(Collected data Opens)
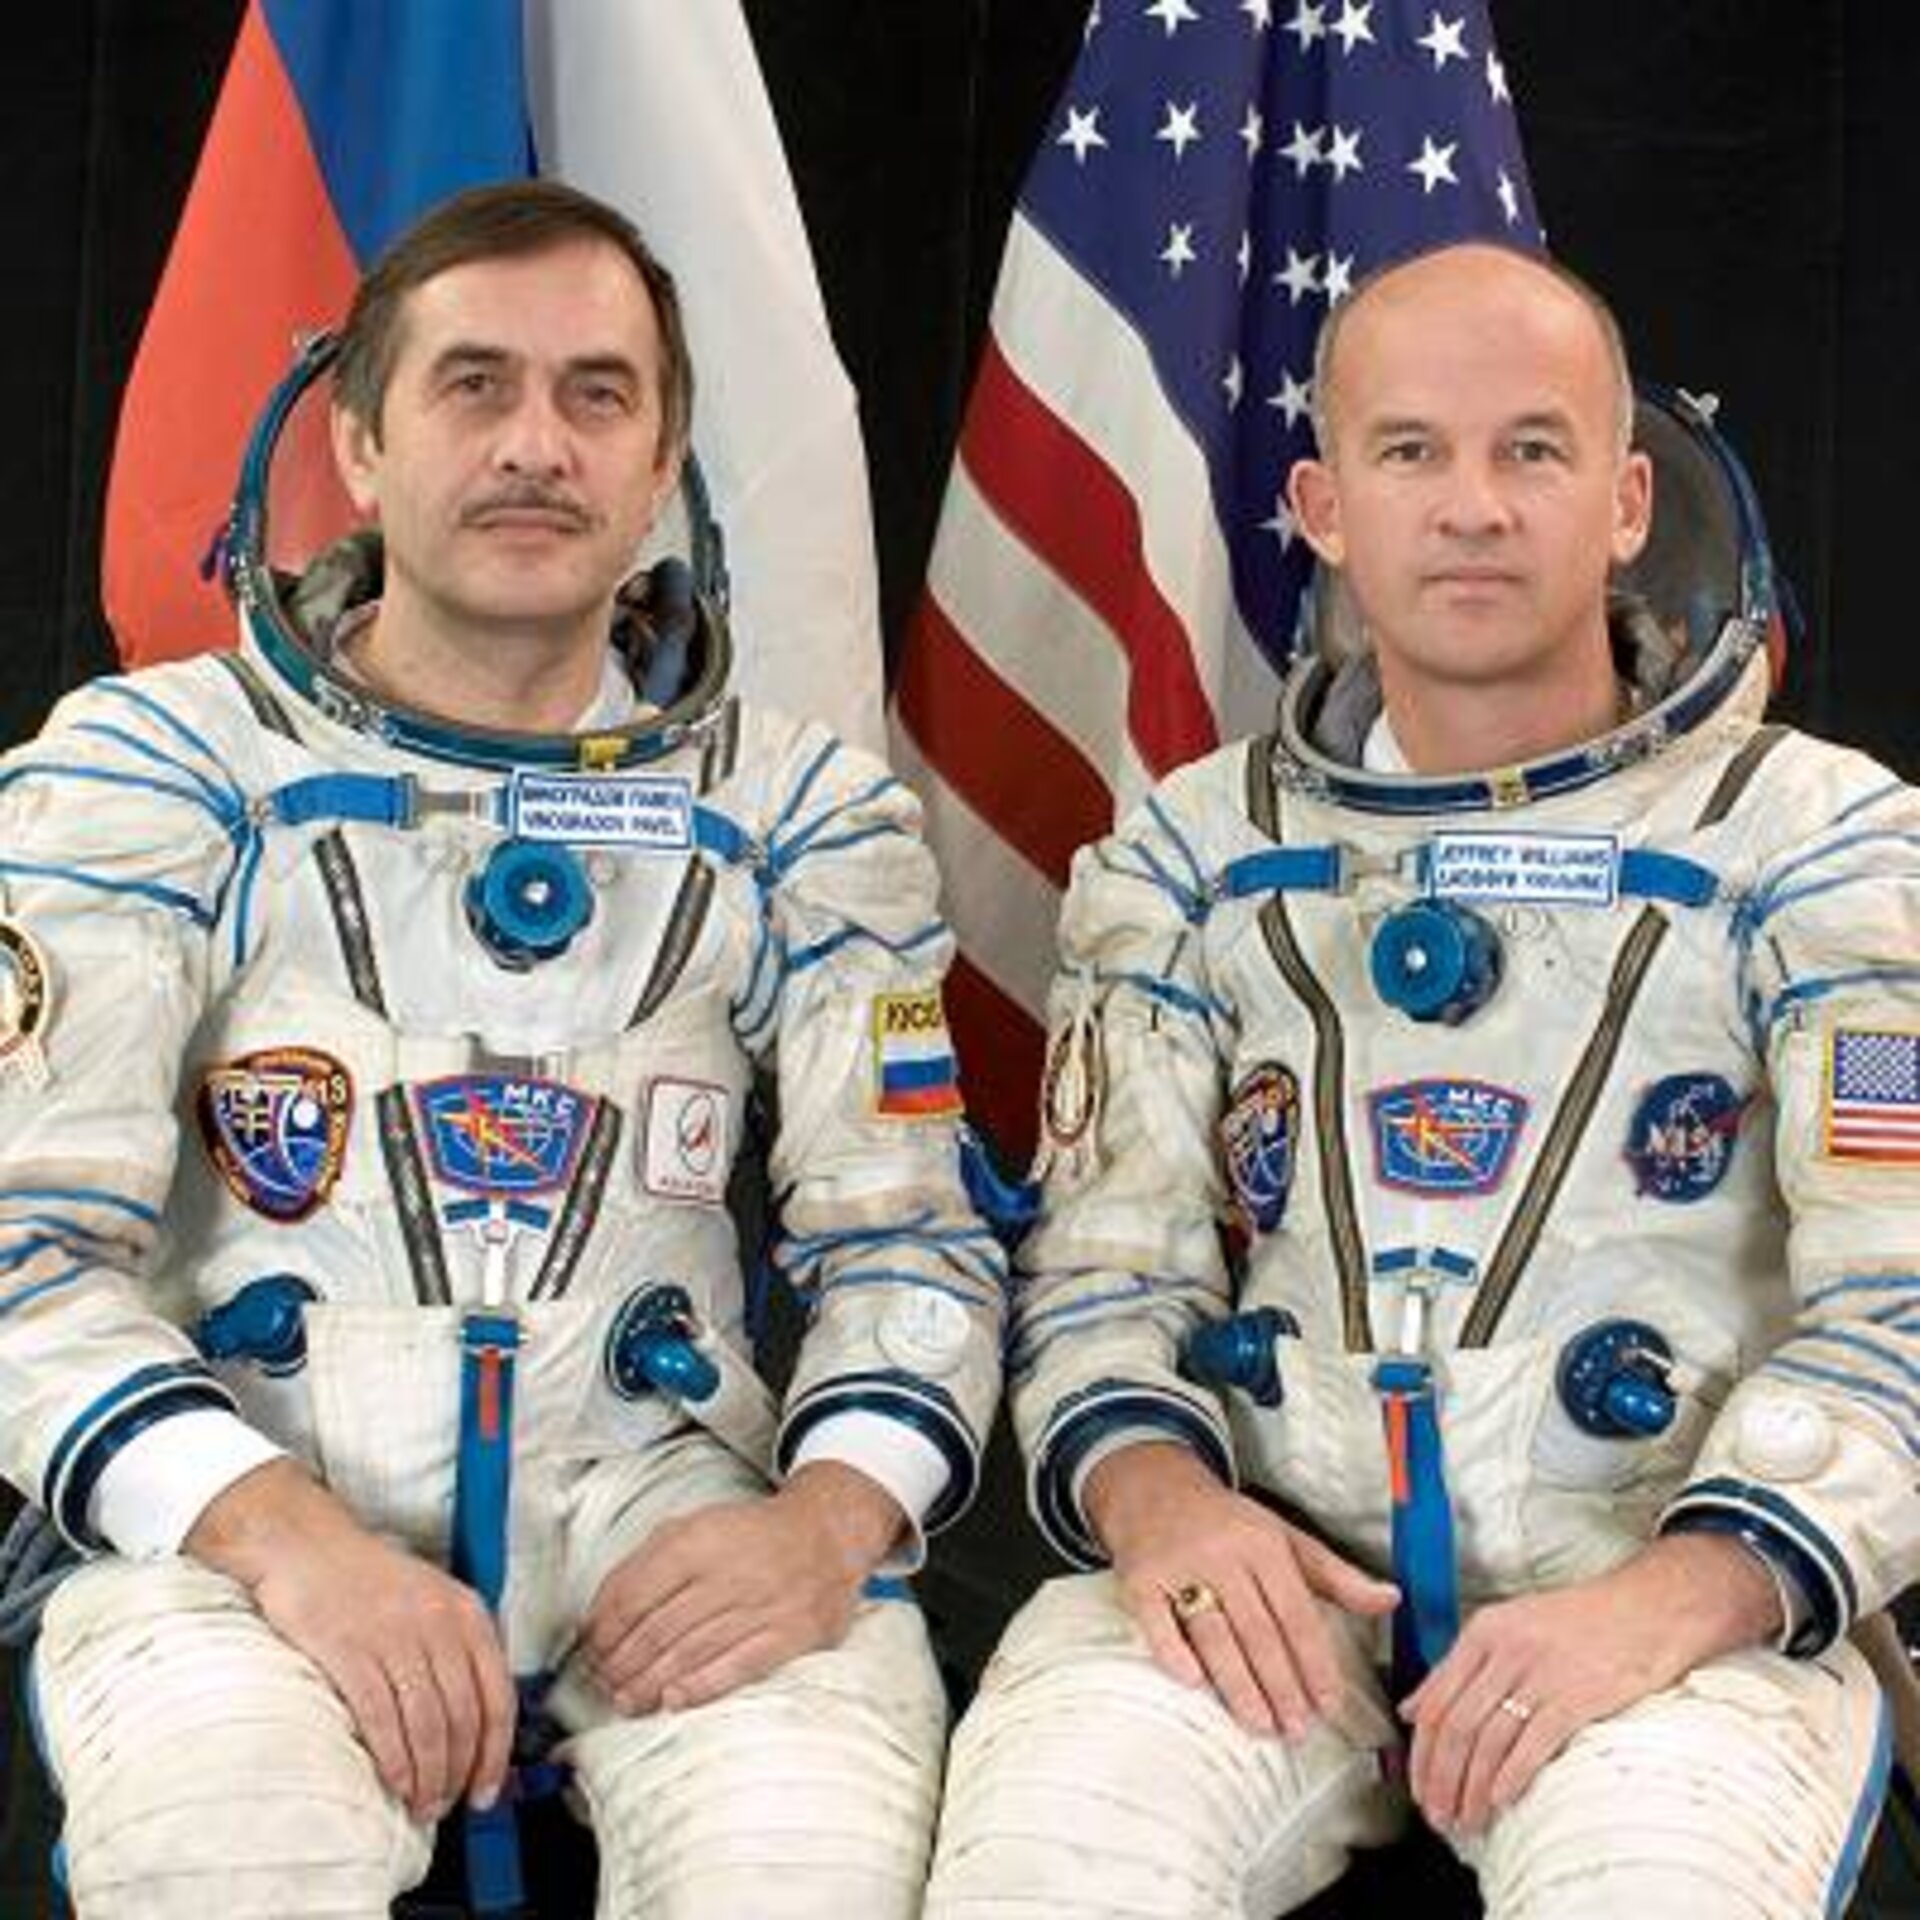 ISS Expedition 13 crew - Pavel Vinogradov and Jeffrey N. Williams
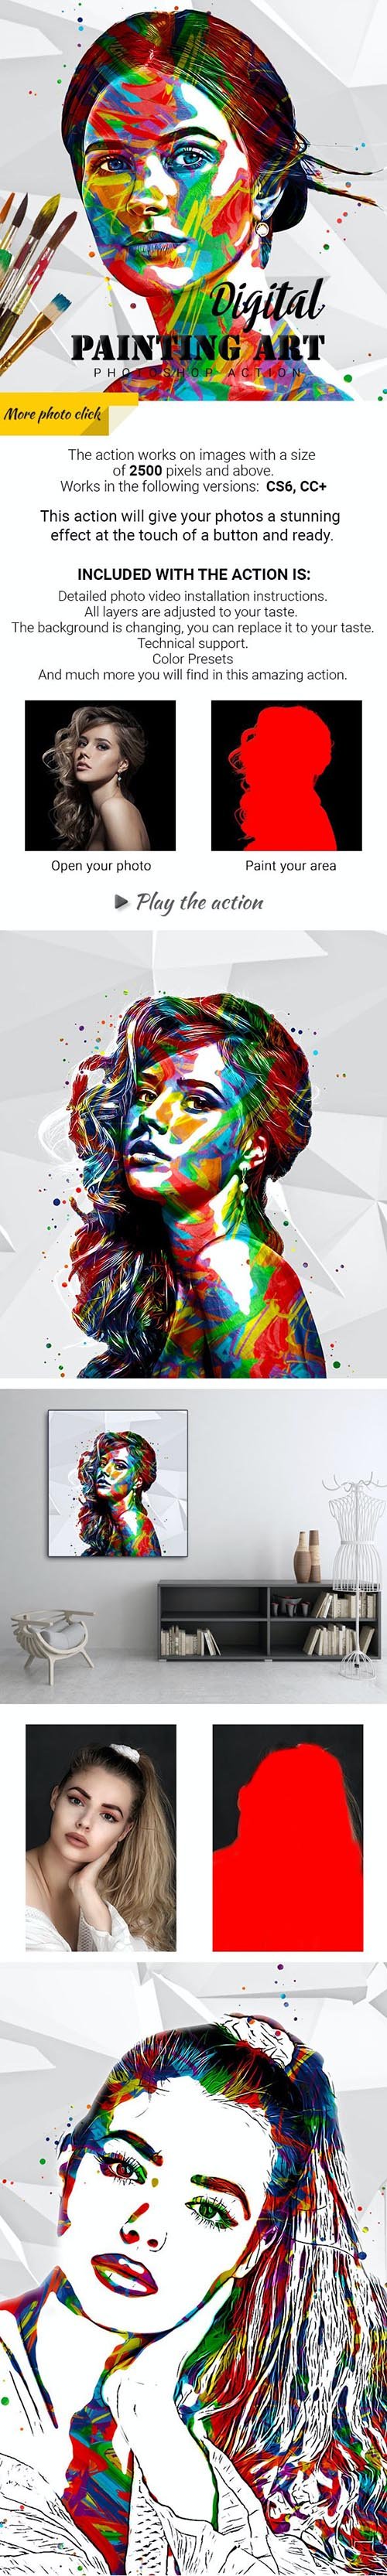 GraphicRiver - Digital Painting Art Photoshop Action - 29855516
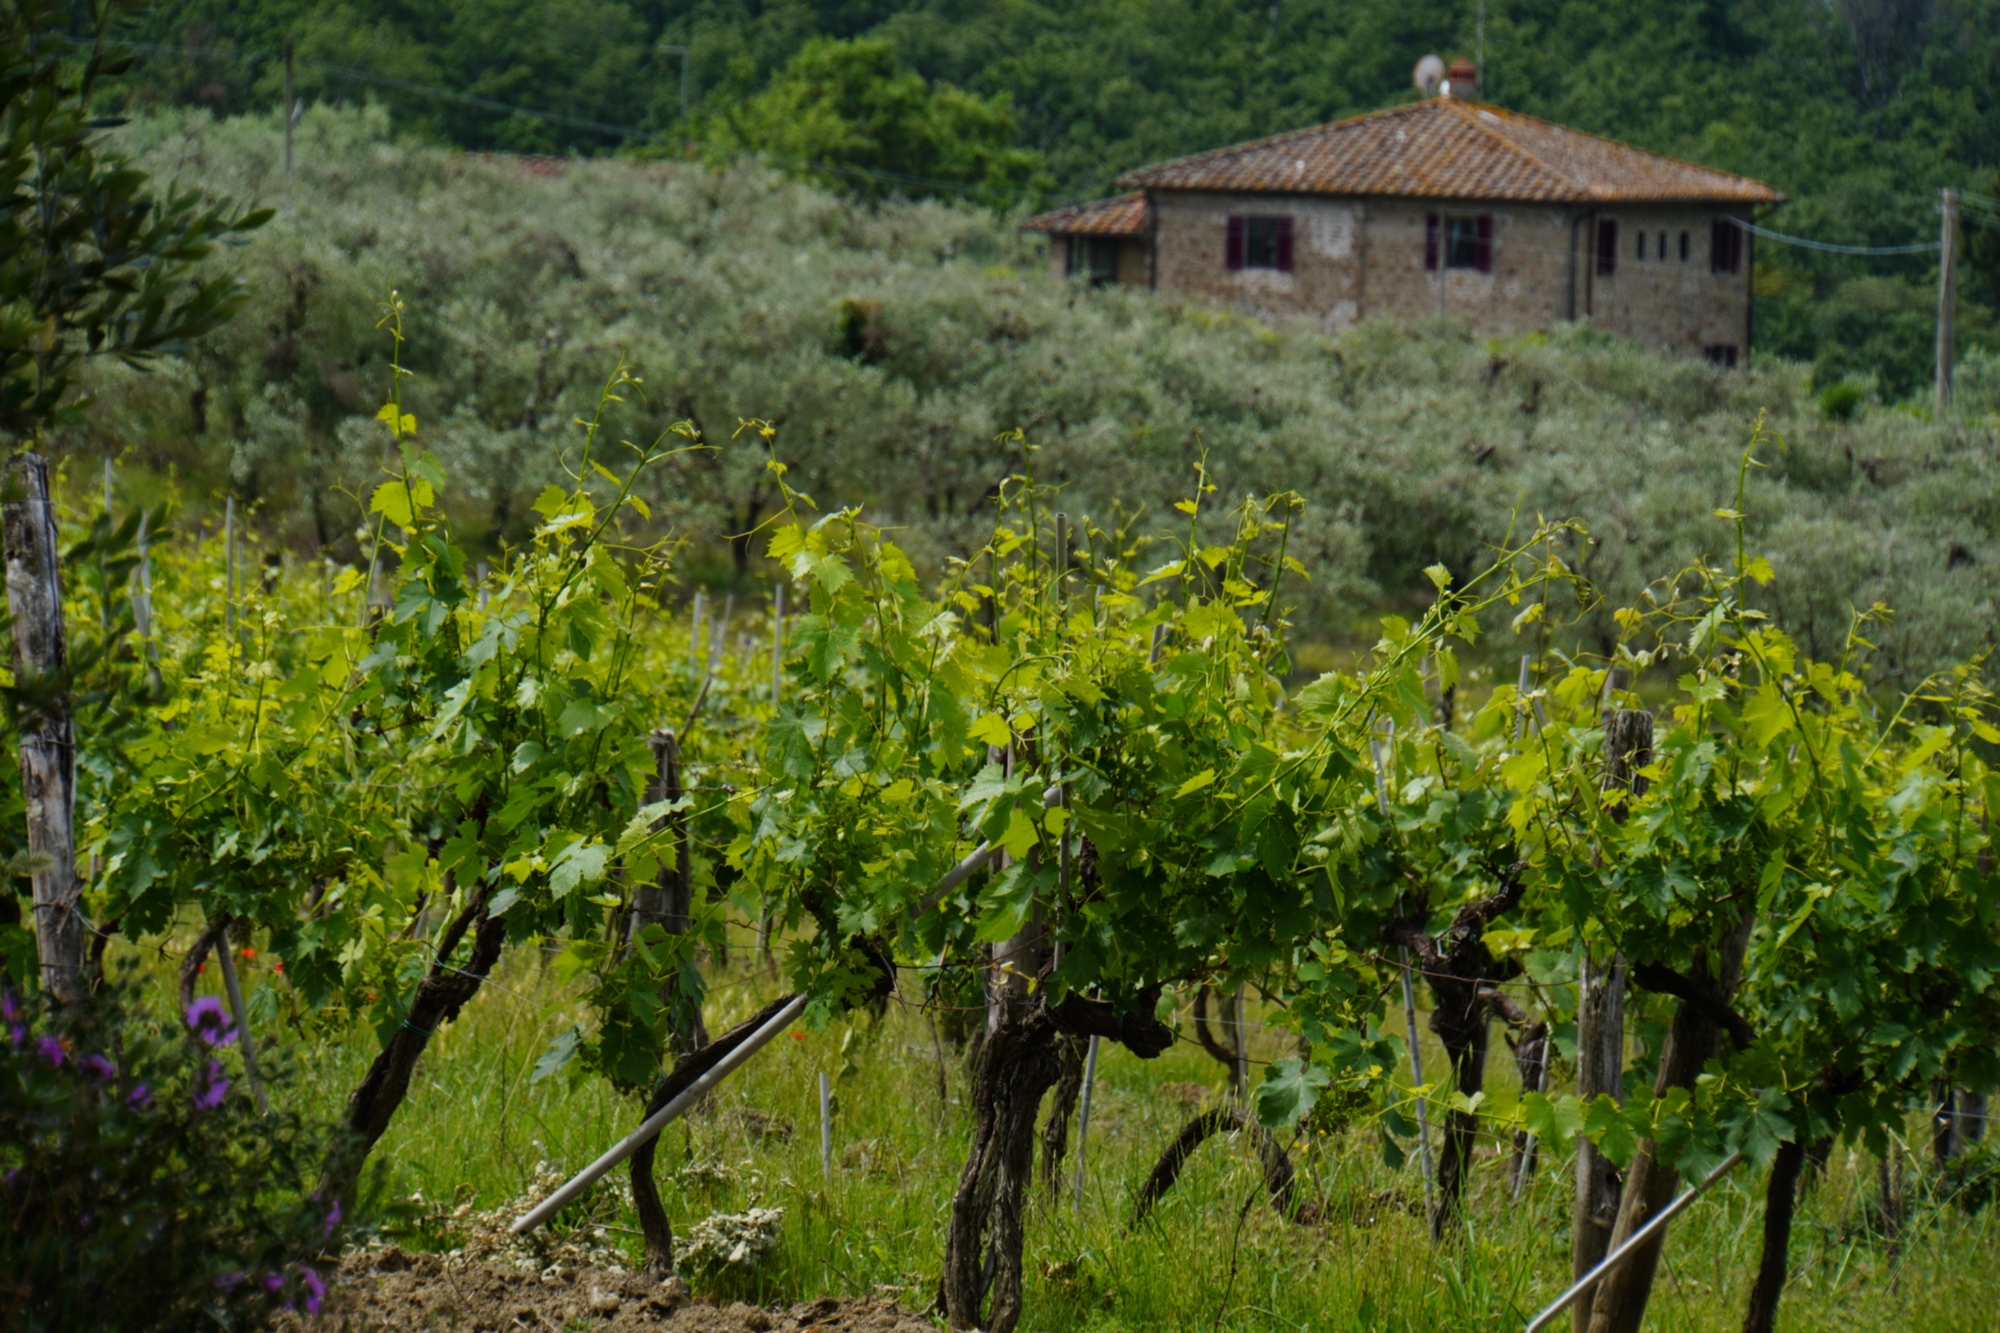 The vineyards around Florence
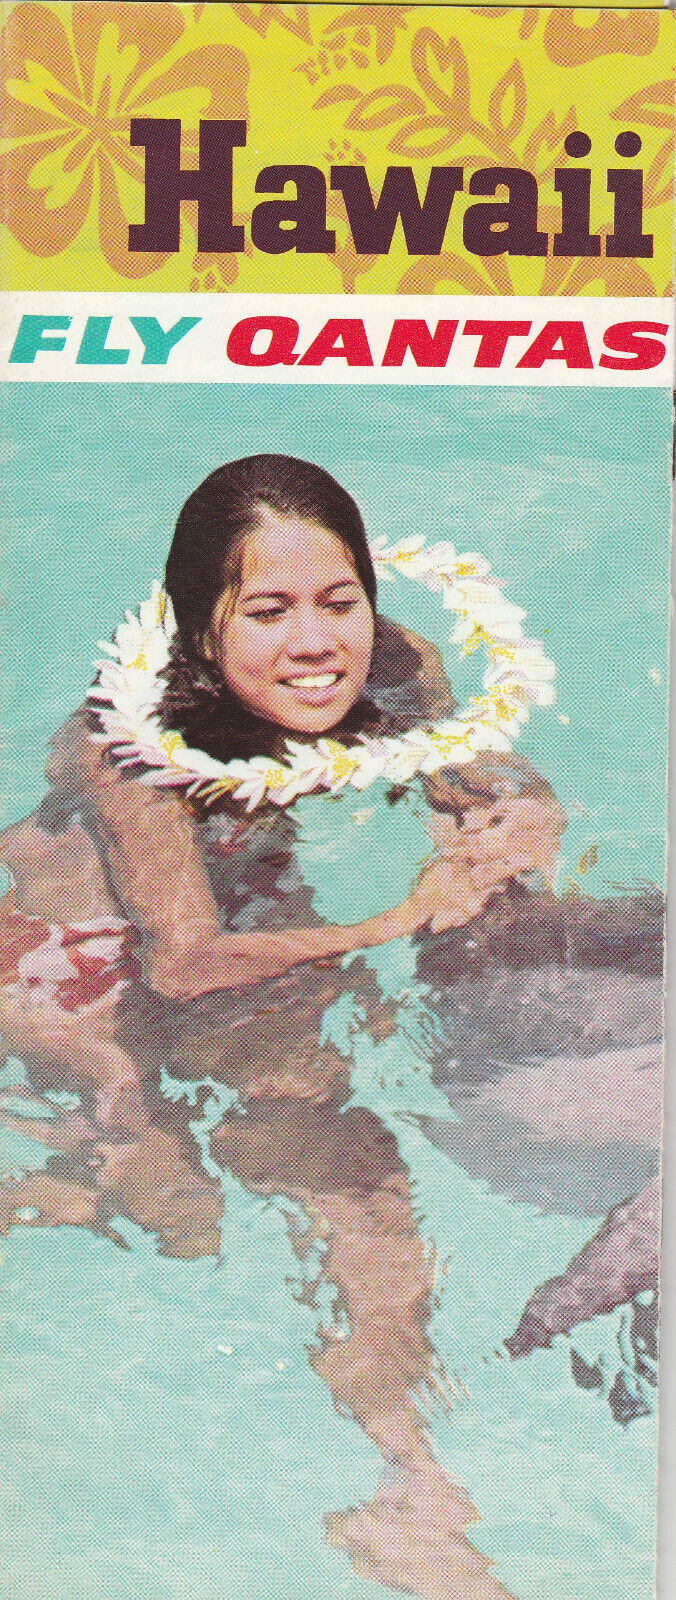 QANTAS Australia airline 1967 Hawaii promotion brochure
(Collected data Closes)
**Problem to solve**
Drop every image, please, and write out the data above exactly as shown.

**Finished task**
 ISS Expedition 13 crew - Pavel Vinogradov and Jeffrey N. Williams
 GraphicRiver - Digital Painting Art Photoshop Action - 29855516
 The vineyards around Florence
 QANTAS Australia airline 1967 Hawaii promotion brochure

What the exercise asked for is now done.